_WORK ITEM_. Without the pictures, output all of the data exactly.

_AVAILABLE DATA_.

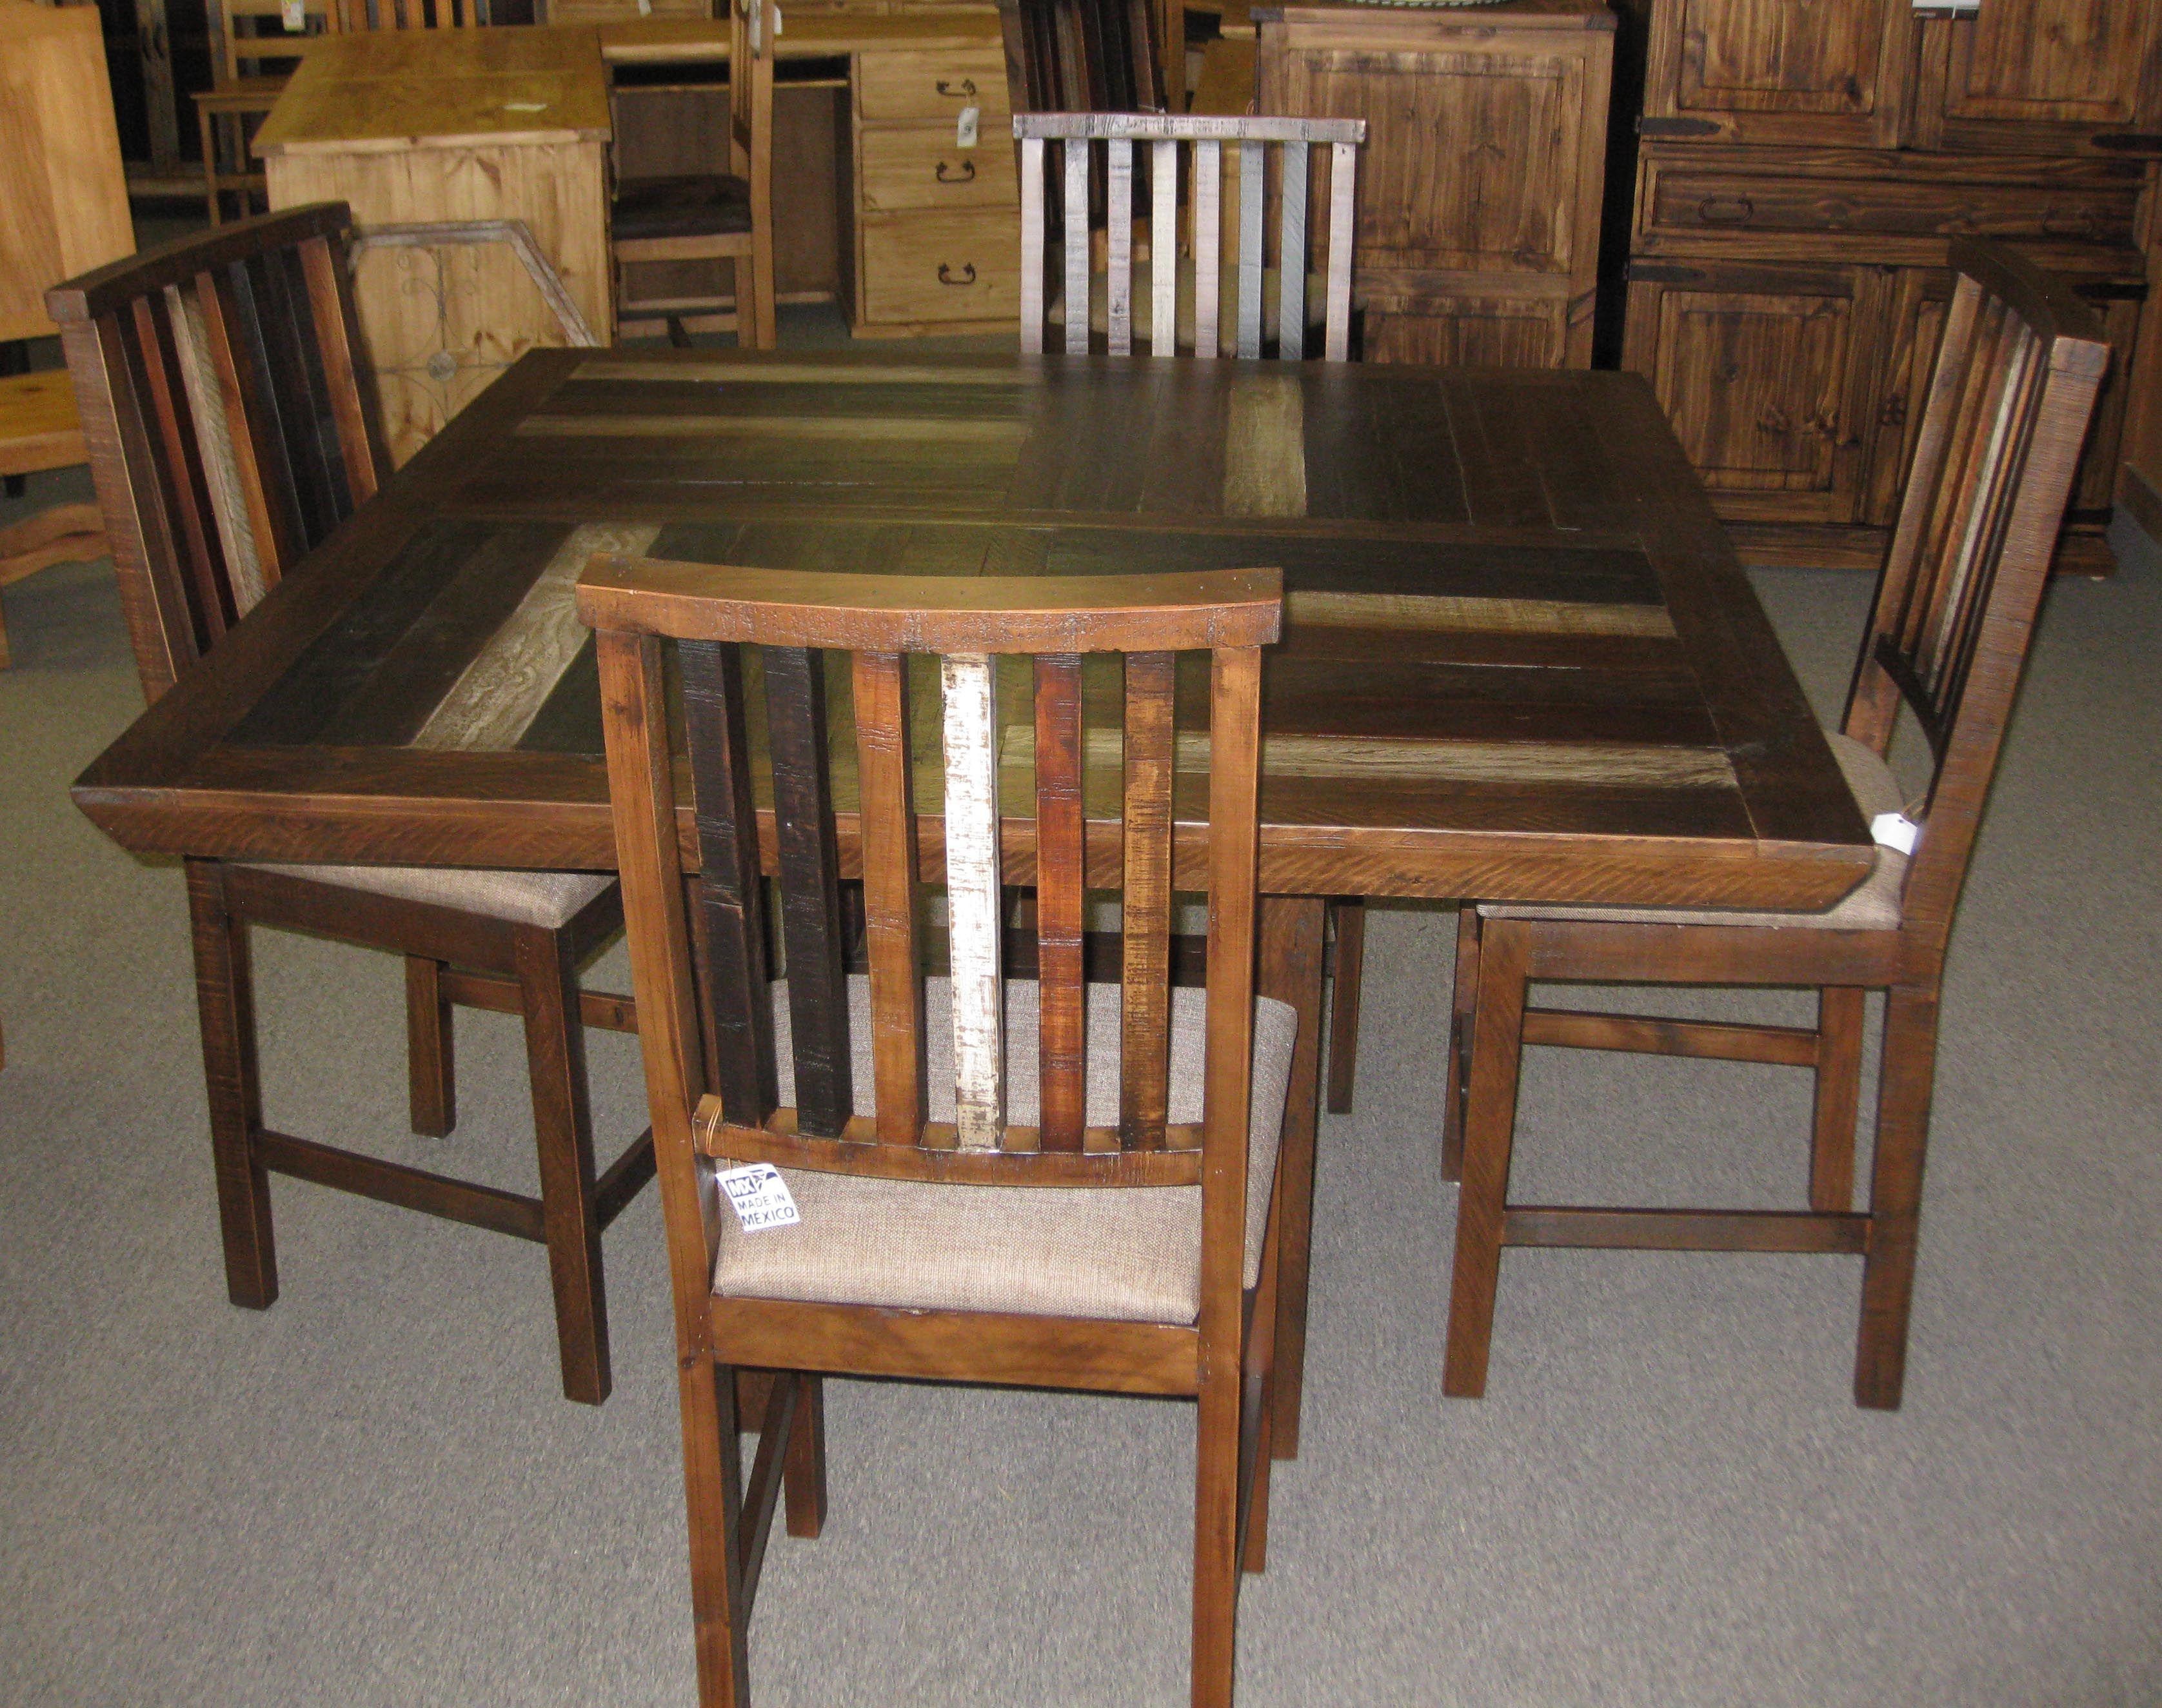 Prime Colorful And Elegant This Beautiful Colorado Style Pub Table Creativecarmelina Interior Chair Design Creativecarmelinacom
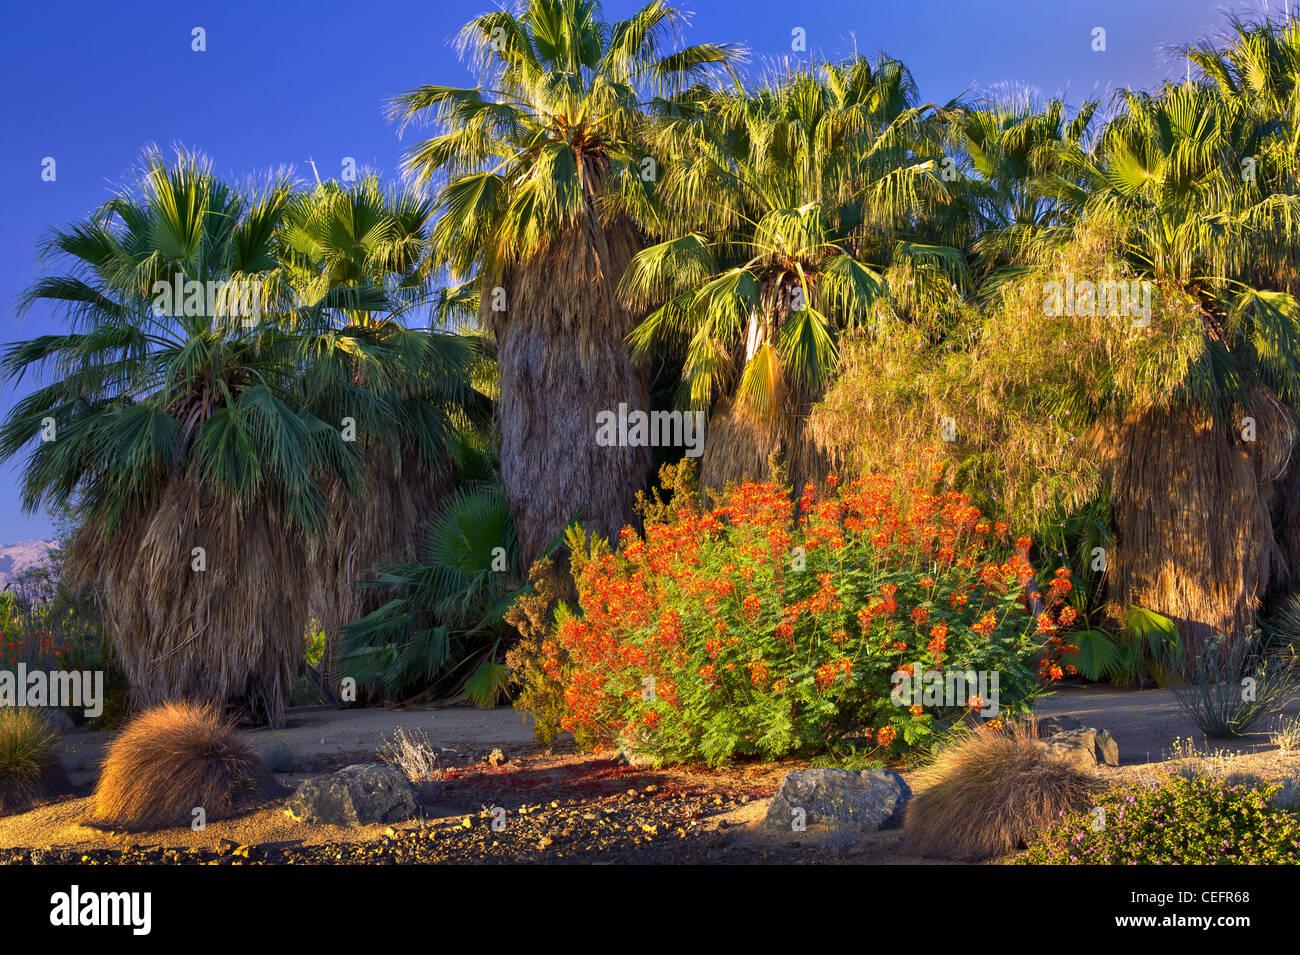 Palm trees and Dwarf Poinciana, Red Bird of Paradise bush. Desert Willow Golf Resort, Palm Desert, California - Stock Image
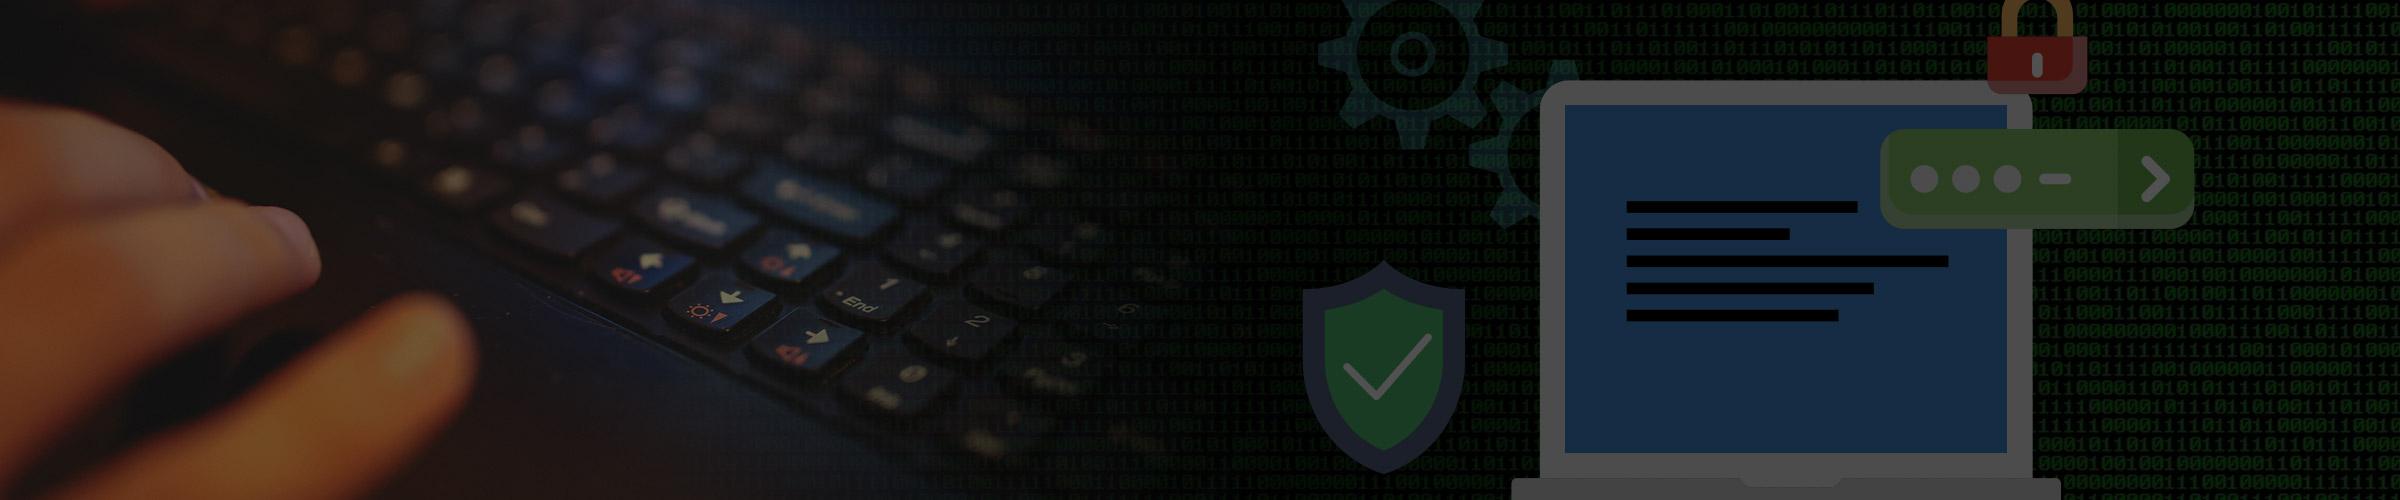 ethical_hacking_keyboard

_RESULT OF THIS TASK_.
 Prime Colorful And Elegant This Beautiful Colorado Style Pub Table Creativecarmelina Interior Chair Design Creativecarmelinacom
 Palm trees and Dwarf Poinciana, Red Bird of Paradise bush. Desert Willow Golf Resort, Palm Desert, California - Stock Image
 ethical_hacking_keyboard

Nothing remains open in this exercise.